[[ Data extract, beginning ]]

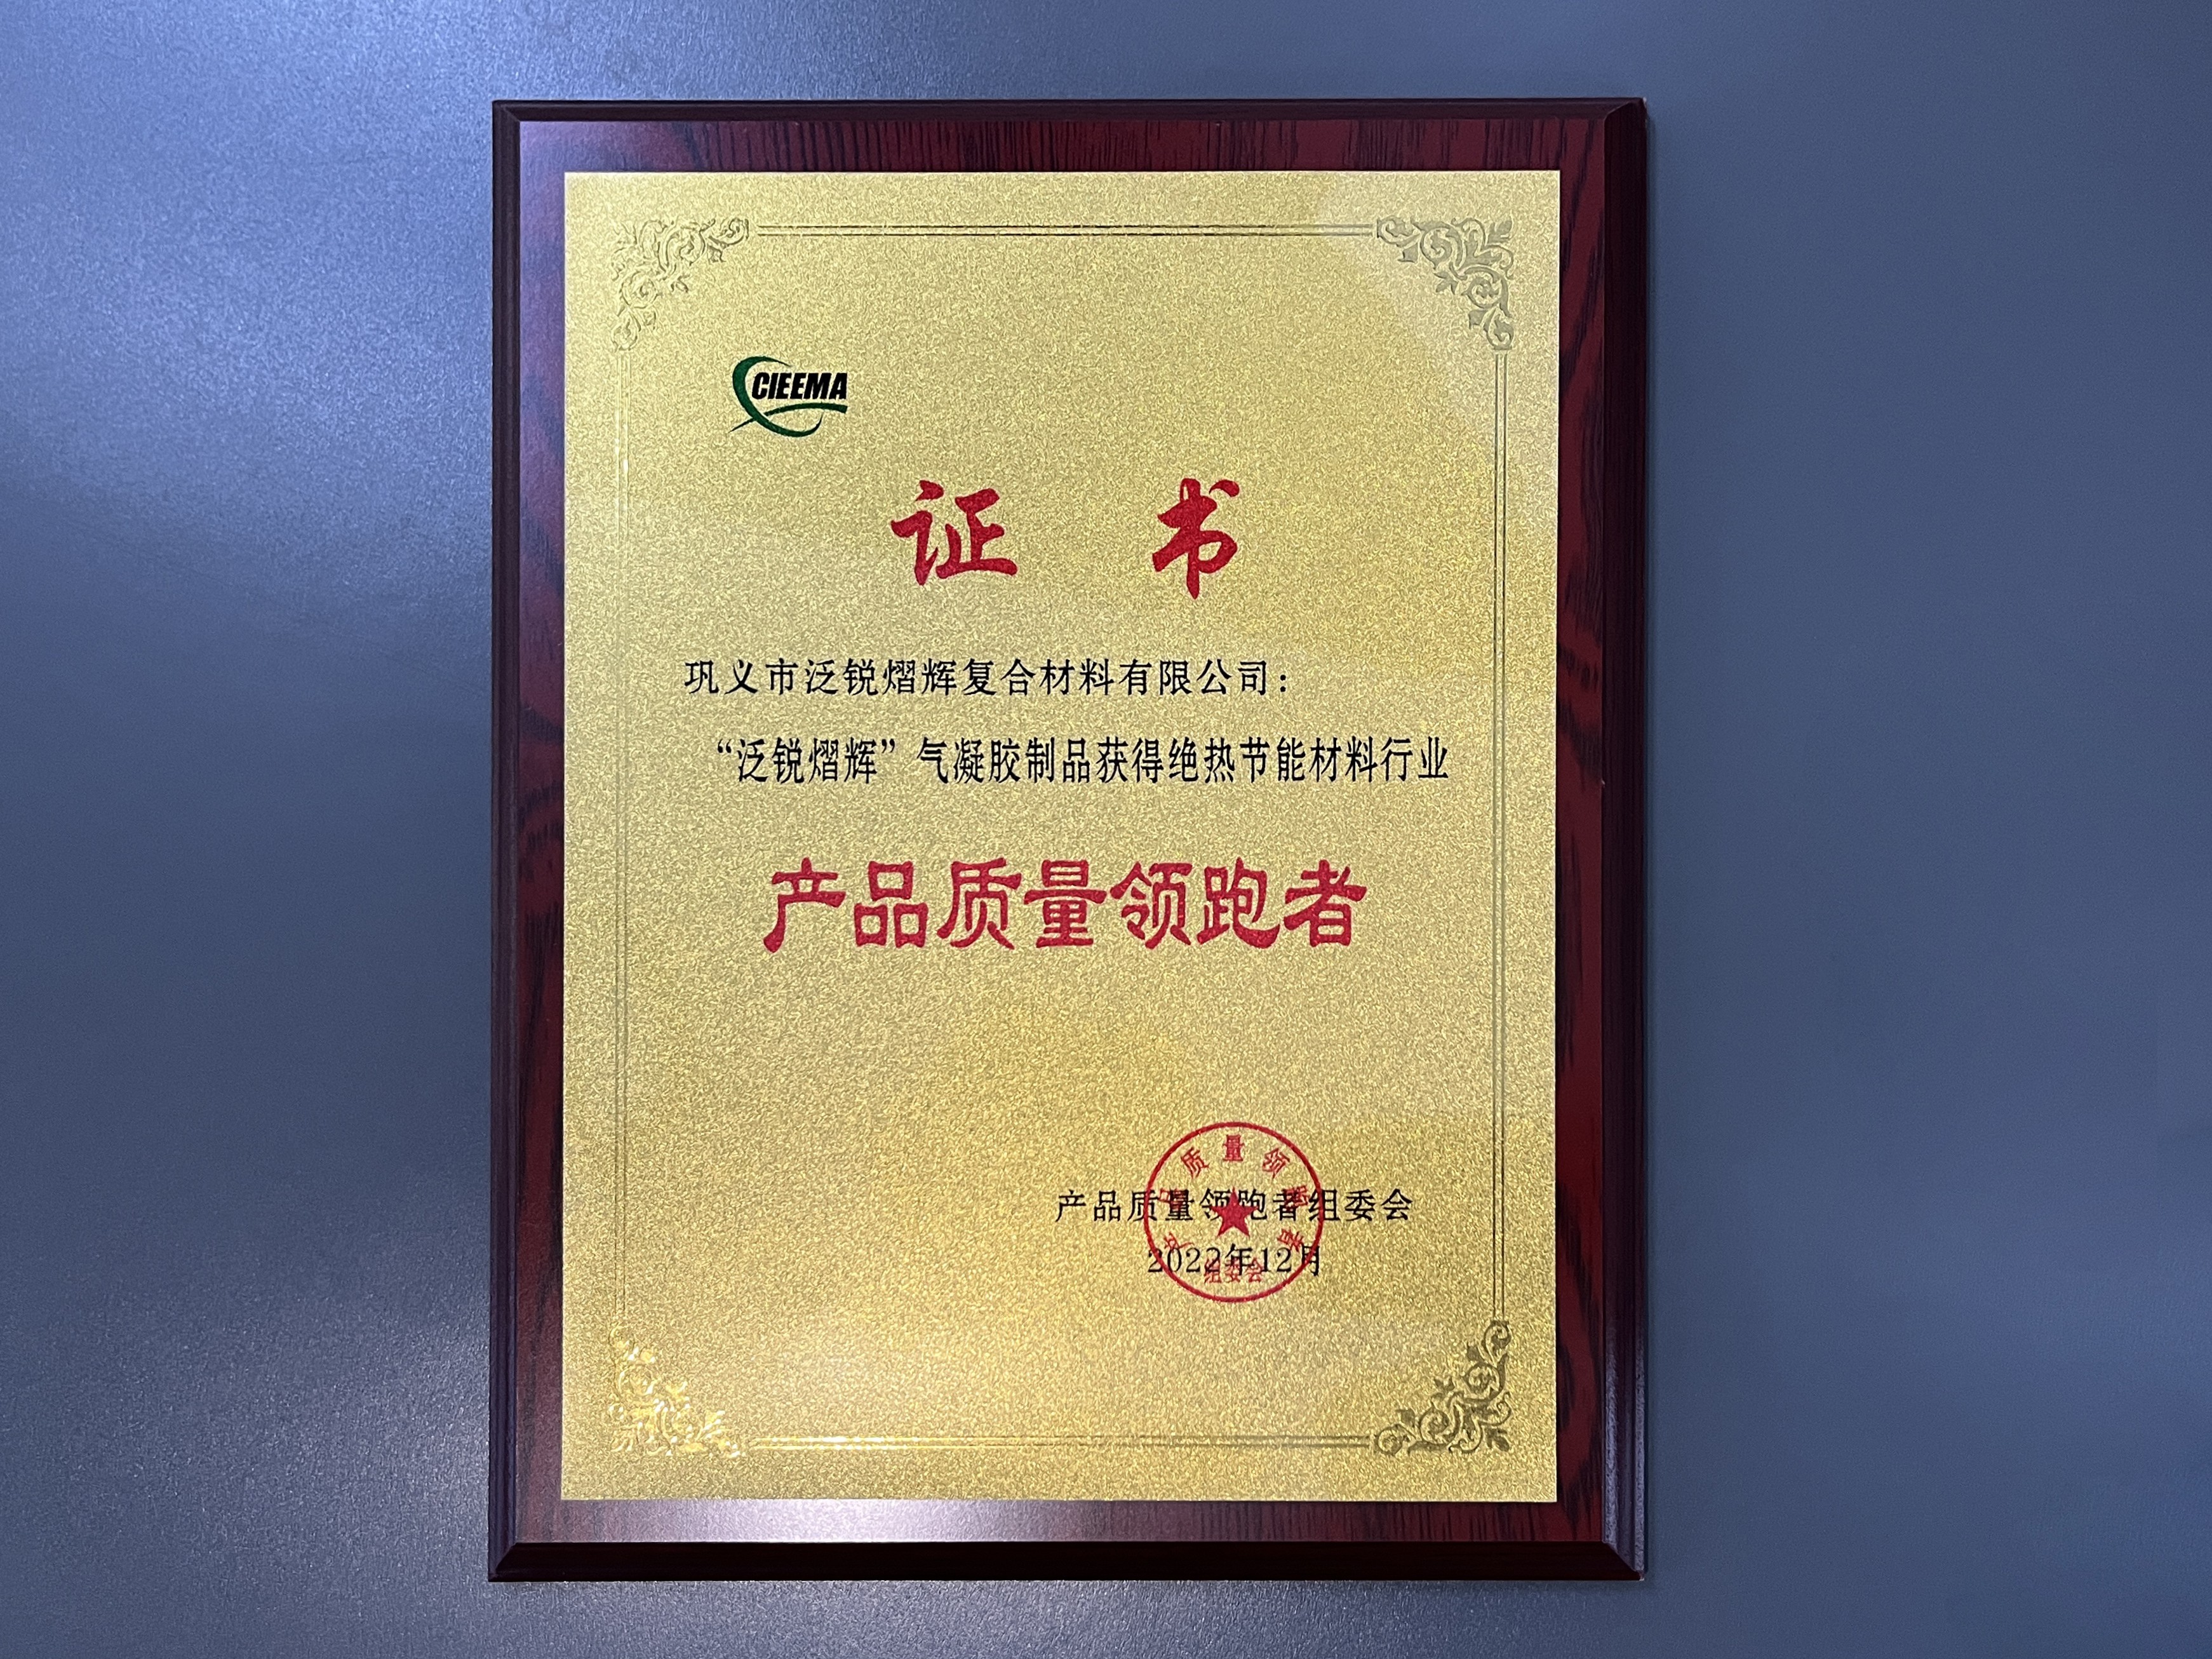  产品质量领跑者——中国绝热节能材料协会
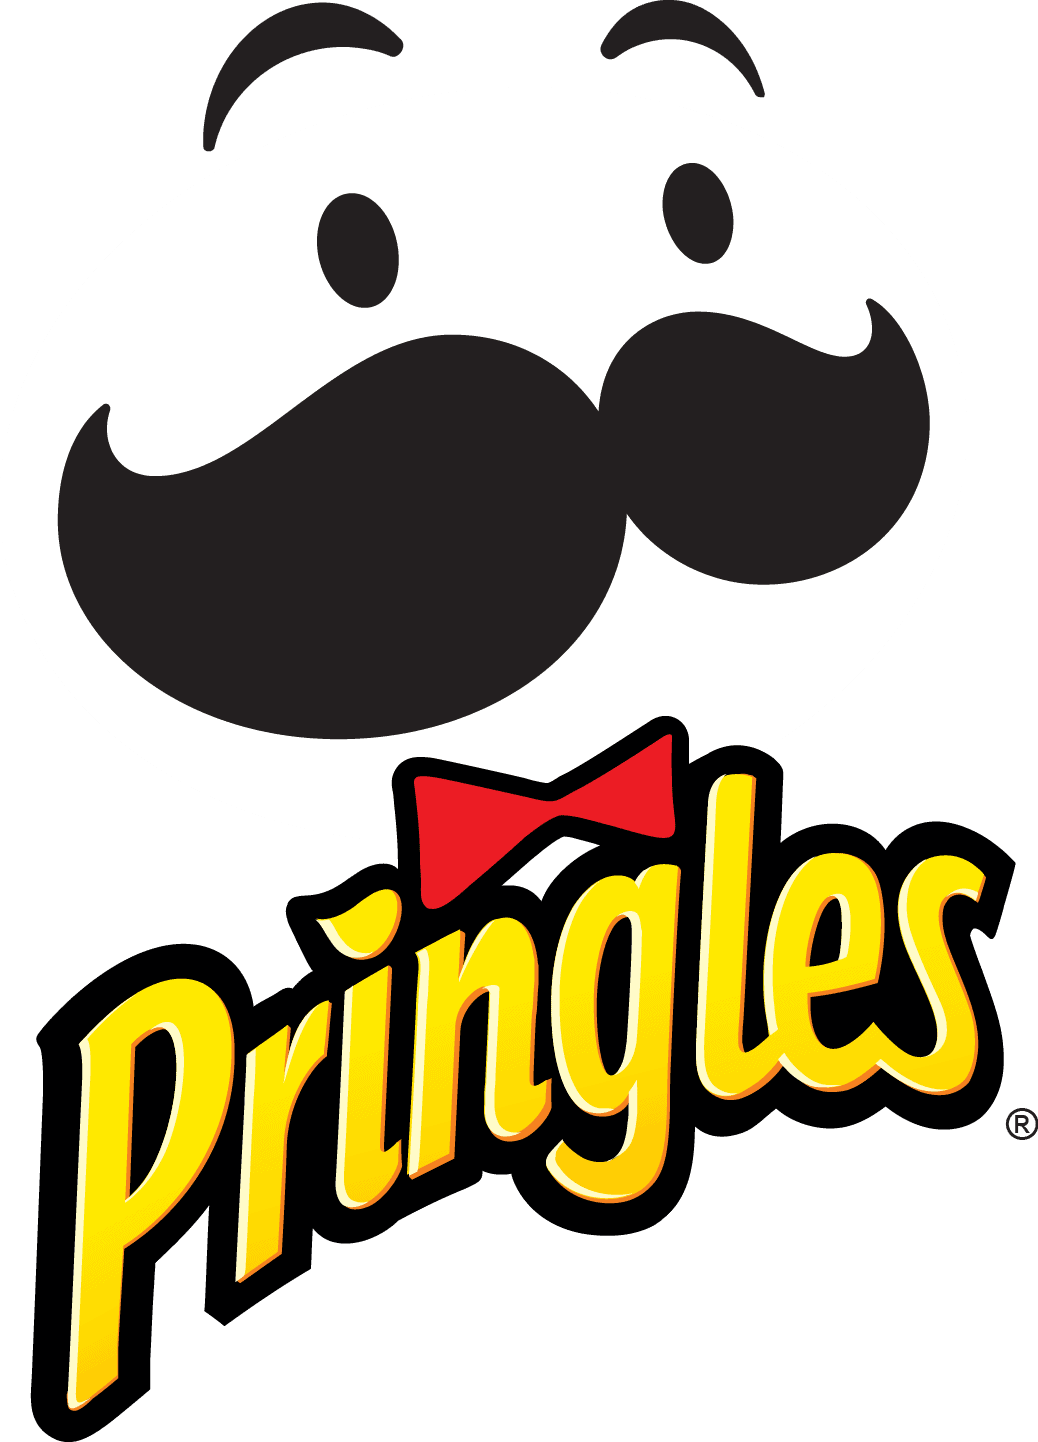 Pringles Logo PNG File | PNG Mart
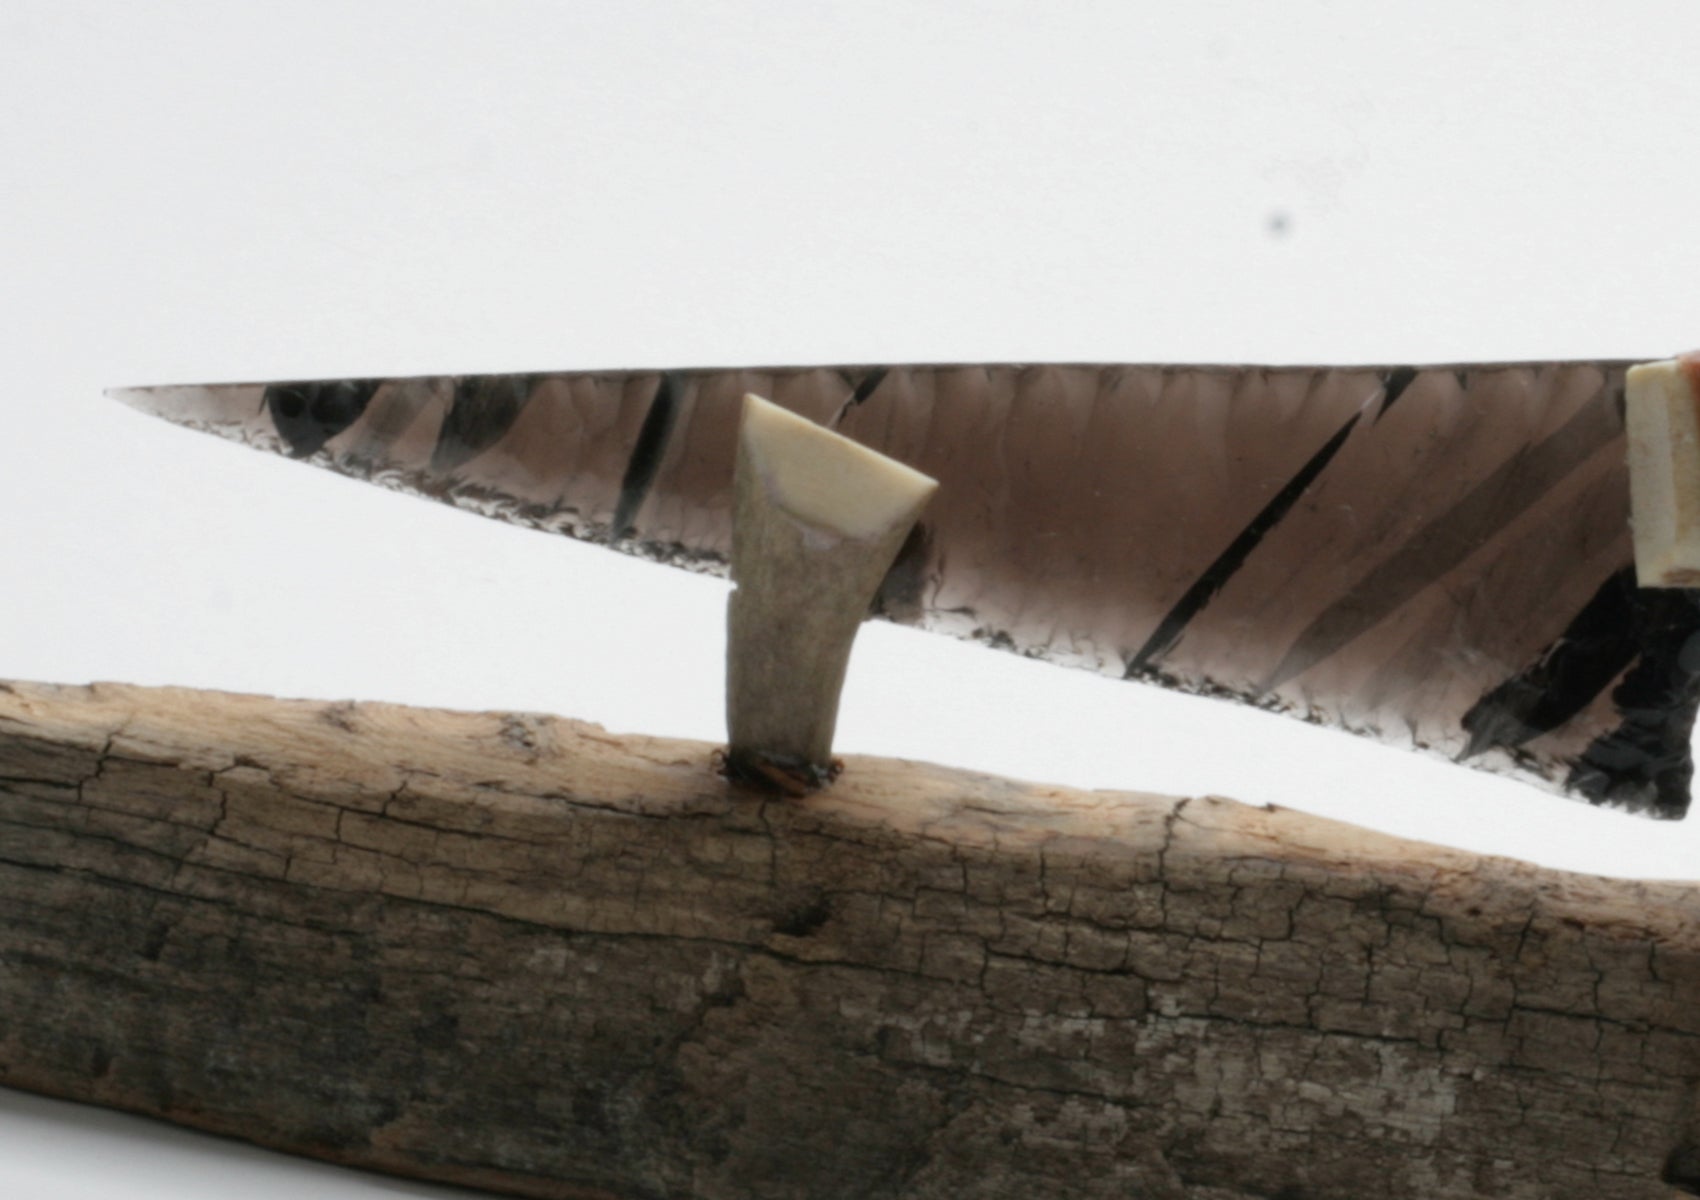 Transparent Obsidian Knife with Moose Antler Handle

[[ Data extract, end ]]

Each line from the one containing "Pringles Logo PNG File | PNG Mart" to the final line of the data must be printed exactly, both included, with nothing else and no pictures.

## Finished exercise
 Pringles Logo PNG File | PNG Mart
 Transparent Obsidian Knife with Moose Antler Handle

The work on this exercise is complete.